-- Opening Marker --

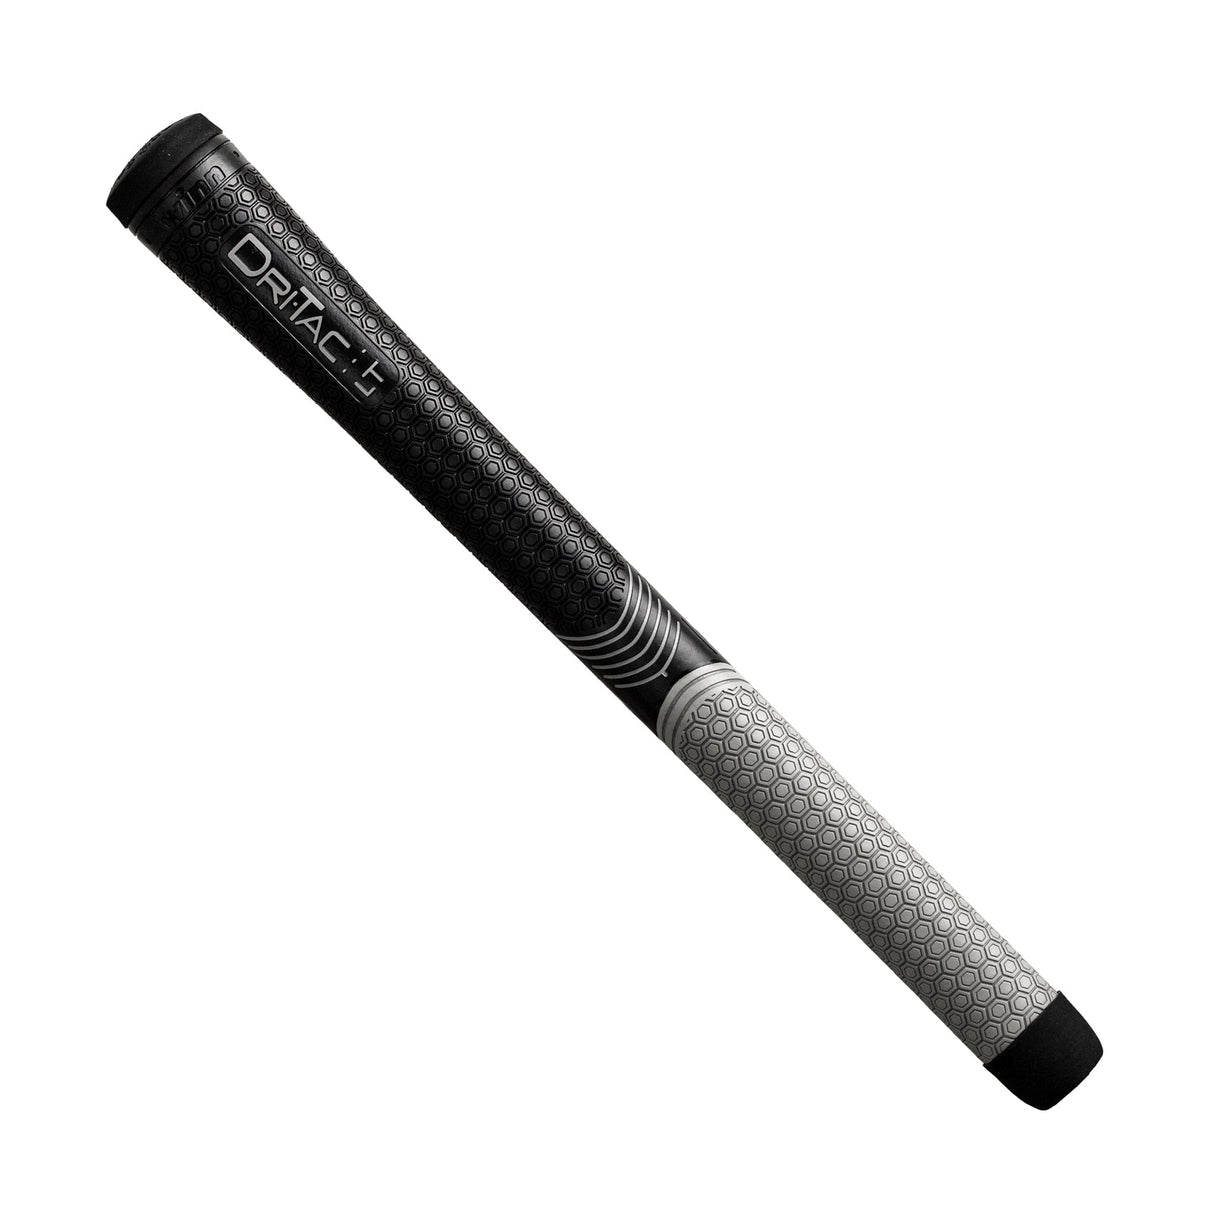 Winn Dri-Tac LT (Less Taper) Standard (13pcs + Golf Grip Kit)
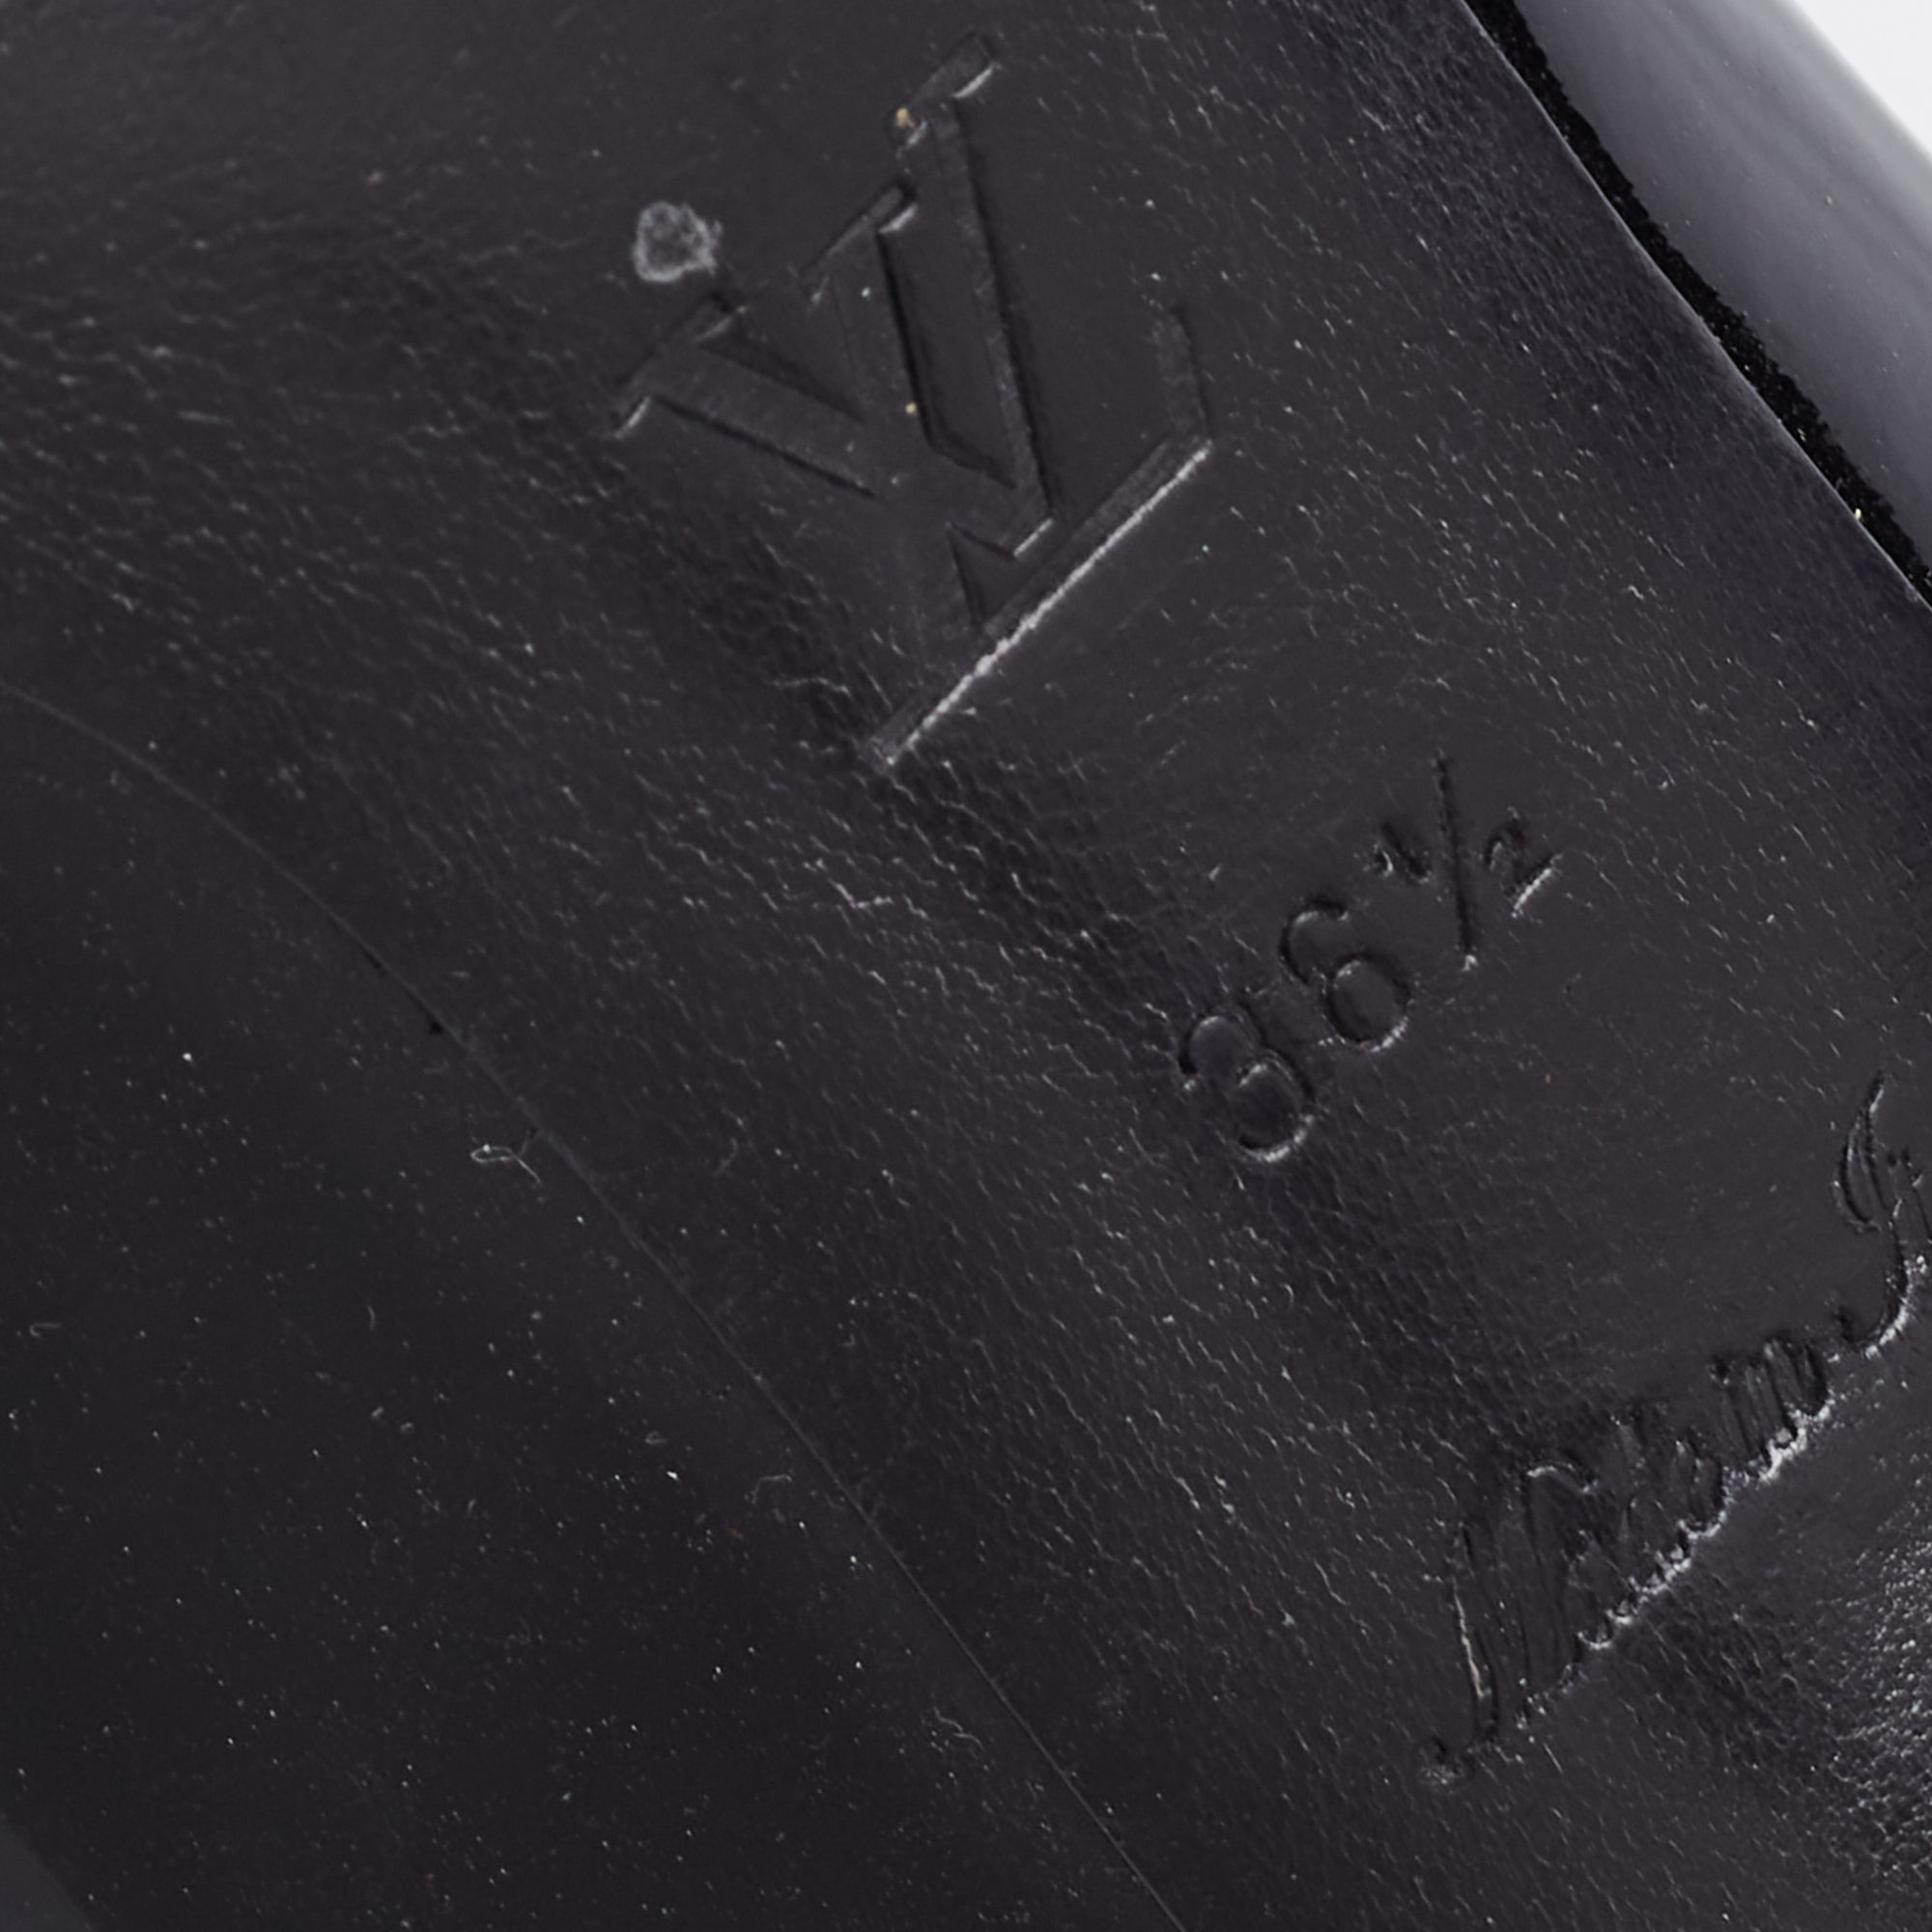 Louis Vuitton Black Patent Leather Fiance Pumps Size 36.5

-- Closing Marker --
-- Opening Marker --

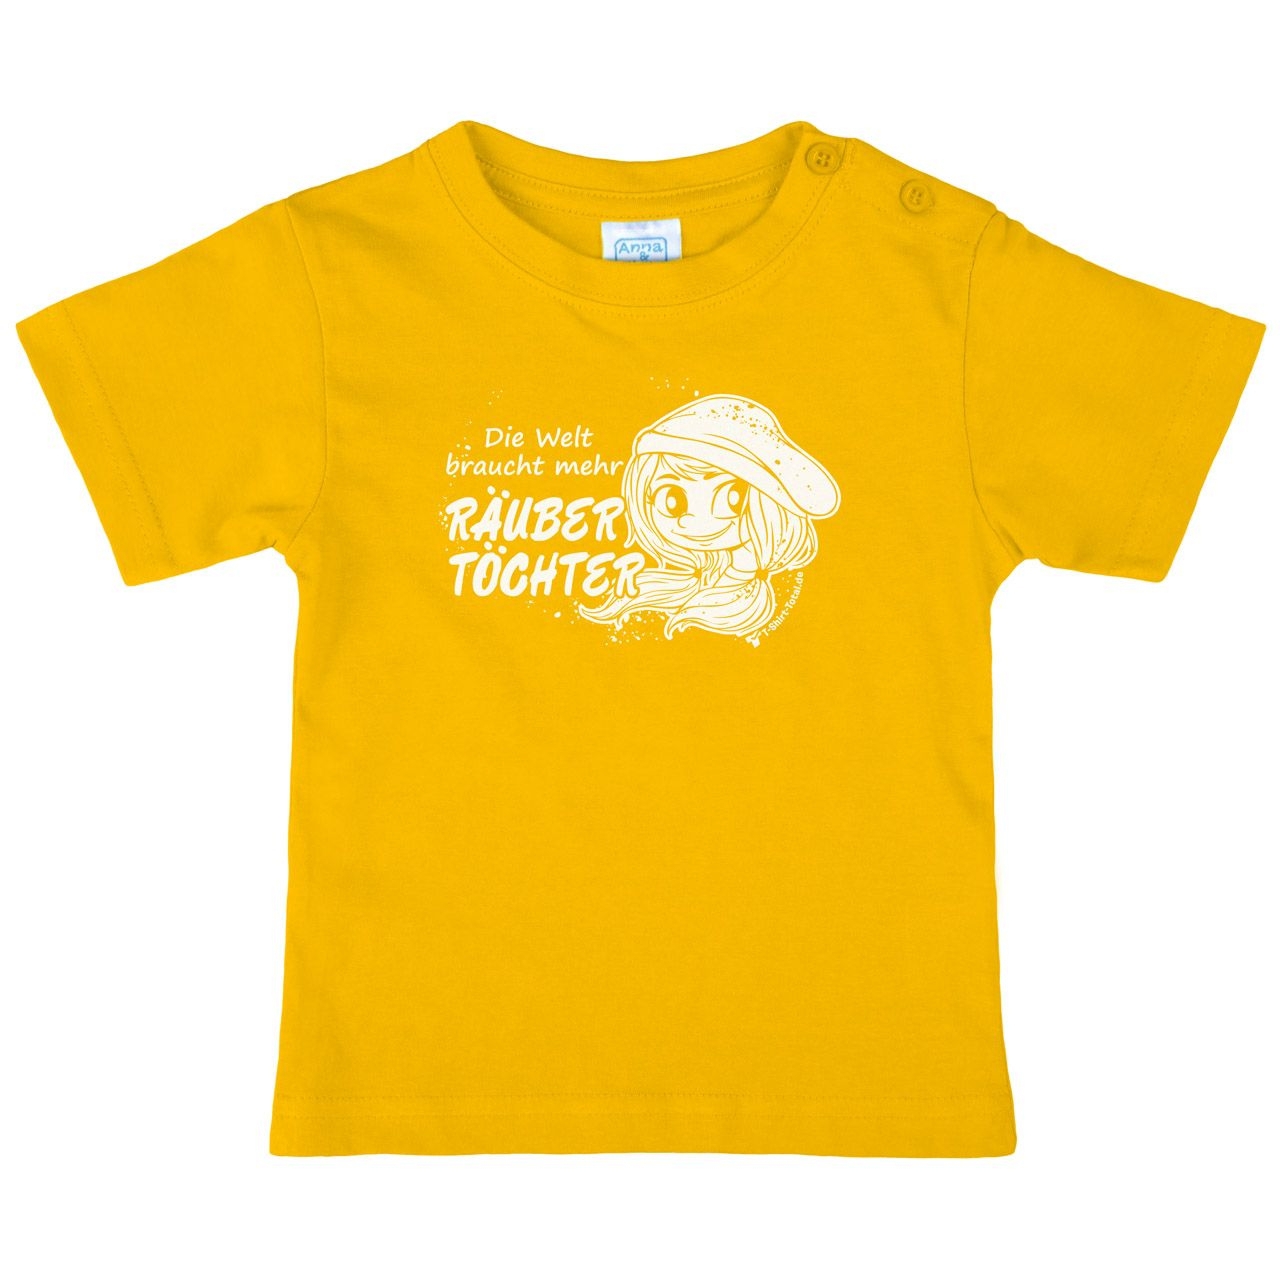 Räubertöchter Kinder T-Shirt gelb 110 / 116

-- Closing Marker --
-- Opening Marker --

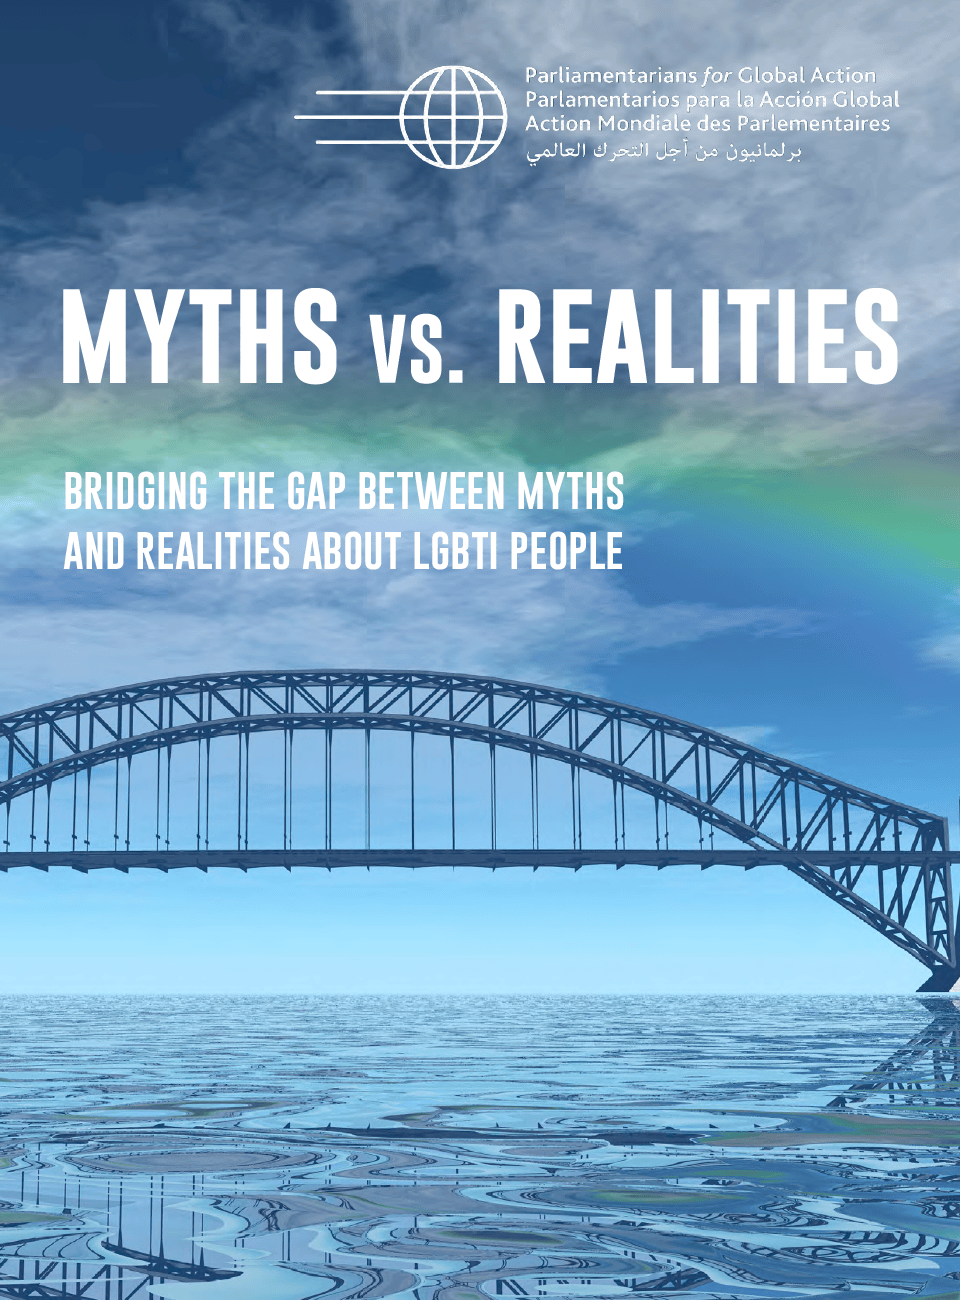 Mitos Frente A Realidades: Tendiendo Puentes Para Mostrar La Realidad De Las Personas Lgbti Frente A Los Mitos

-- Closing Marker --

> _Aim of the exercise_
Pictures excluded, reproduce only the part above that opens with the line holding "Winn Dri-Tac LT" and closes with the line holding "Louis Vuitton Black", exactly as written.

> _Finished exercise_
 Winn Dri-Tac LT (Less Taper) Standard (13pcs + Golf Grip Kit)
 Louis Vuitton Black Patent Leather Fiance Pumps Size 36.5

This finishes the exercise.